Skinner stared, unbelieving. From the way the old lady was looking at the puddle at his feet, he thought she was actually thinking about scrubbing it with disinfectant. Why would he think of that? He thought of his own mother as blackness rose from his chest. His eyes bulged, barely seeing. But he saw the woman take the bag from atop her head. Consciousness faded, but not fast enough. In his last, gurgling silent scream he watched the translucent plastic being pulled over his face.
For a moment he watched in shock as the bag quivered and filled with steam from his own nostrils. The bag’s green lettering covered one eye. It was a large letter C from a supermarket logo. The printed symbol and the cloudiness of the faded bag gave a twisted, disorienting view of the figure that stood above him.
The last thing he saw was that large letter C. With his last breath, he made the sound “Ccccc,” almost, Frances thought, as though he was trying to utter the other half, “clean.”
It was time to draw a bath. Frances Hart set her purse on the glass end table, pulled off her cotton gloves, and kicked off her shoes. She stepped into a pair of white slip-on house slippers with a nylon rose on top.
She took a roll of grocery produce bags from under the kitchen sink and tore off five or six. She separated them and folded them neatly, and placed them in a pocket inside her purse. The stunner was still disconnected from the electrodes on the purse handles, so she took it out — it was a simple one that Harry had designed — and put it back on its charger. One must always be ready for the unexpected.

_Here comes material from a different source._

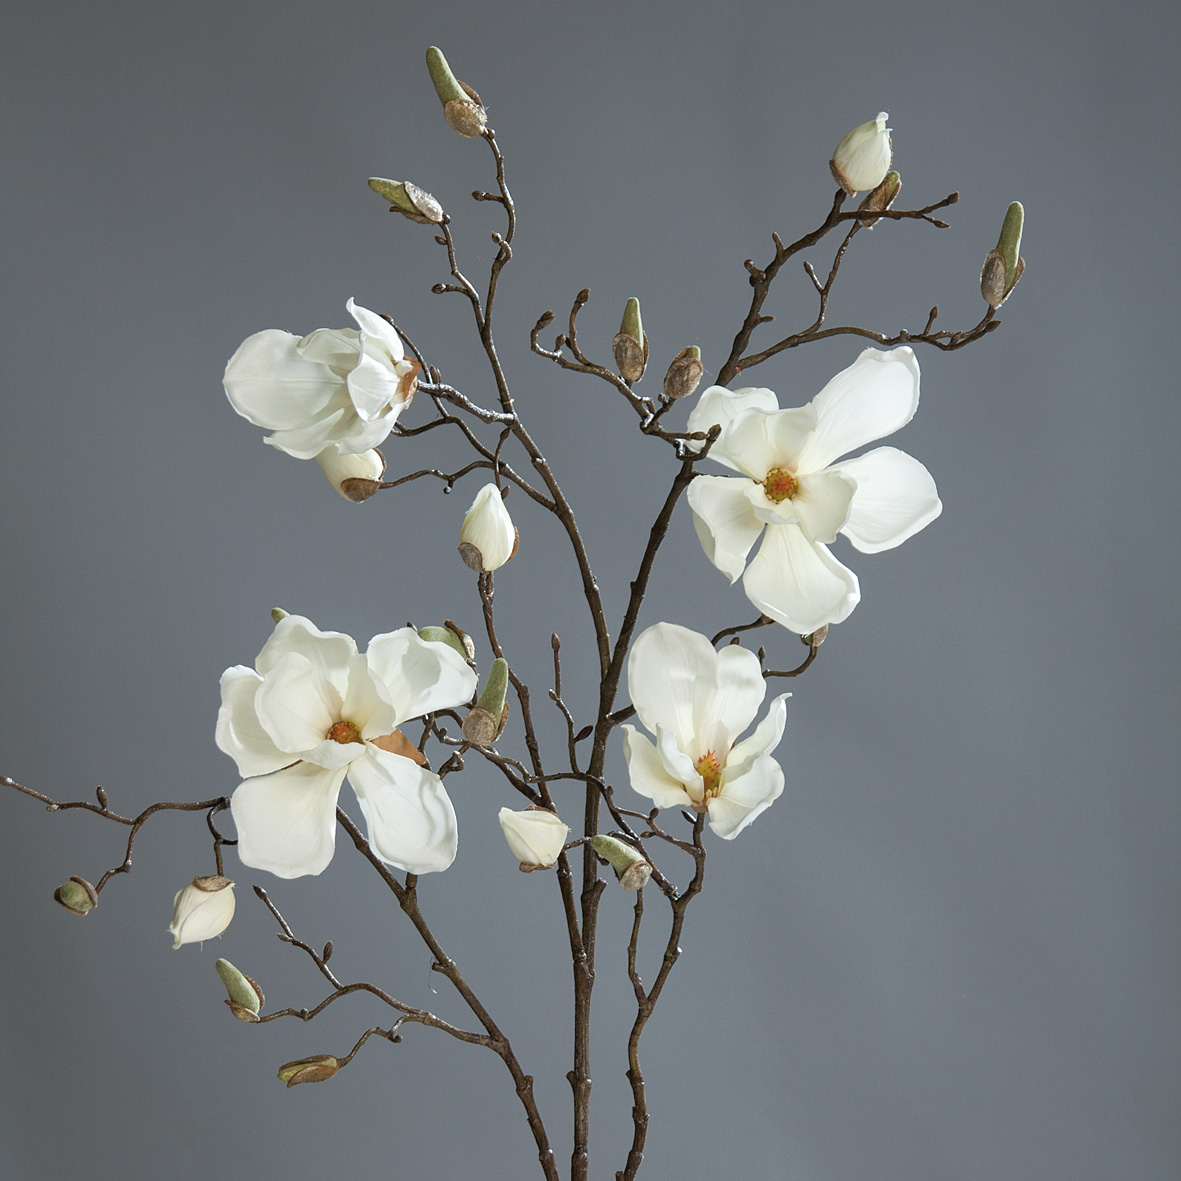 Magnolienzweig 110cm weiß-creme DP Kunstblumen künstliche Magnolie Blumen Seidenblumen

She walked into the bathroom and, after giving the tub a quick rinse, set the plug and began to draw her bath.
It had been a long day. A good day, but a long one. She was tired, and feeling a little dirty. Now it was time to clean up.
The following morning, Cora Lewis made her way from one end of the kitchen to the other. She was furious. A slice of toast was getting cold on the kitchen table. A grapefruit sat on the cutting board beside the sink.
On her ever-present television, a local newscaster said, “Last night, a twenty-four-year-old man was found dead on the corner of High Street and Sweeney, another apparent victim of the Bell Town Strangler. Police are not disclosing the name of the victim and the details of his death. But sources tell us that the victim died of asphyxiation in a manner similar to that of five other men in the same vicinity over the past three months...”
“Damn her,” said Cora, not listening to the television, her mind on the grapefruit waiting to be sliced, as she frantically searched the countertops. “If Fran took my knife, we’ll see if I let her in my house again. I know she took it. That was part of a set we got for our anniversary. Frances and her damn purse.”
A place for everything, she thought angrily. And everything in its place.
She didn’t think to look at the side of her easy-chair cushion, where it had lain since Fran’s visit, its blade still sticky with the juice of yesterday’s orange.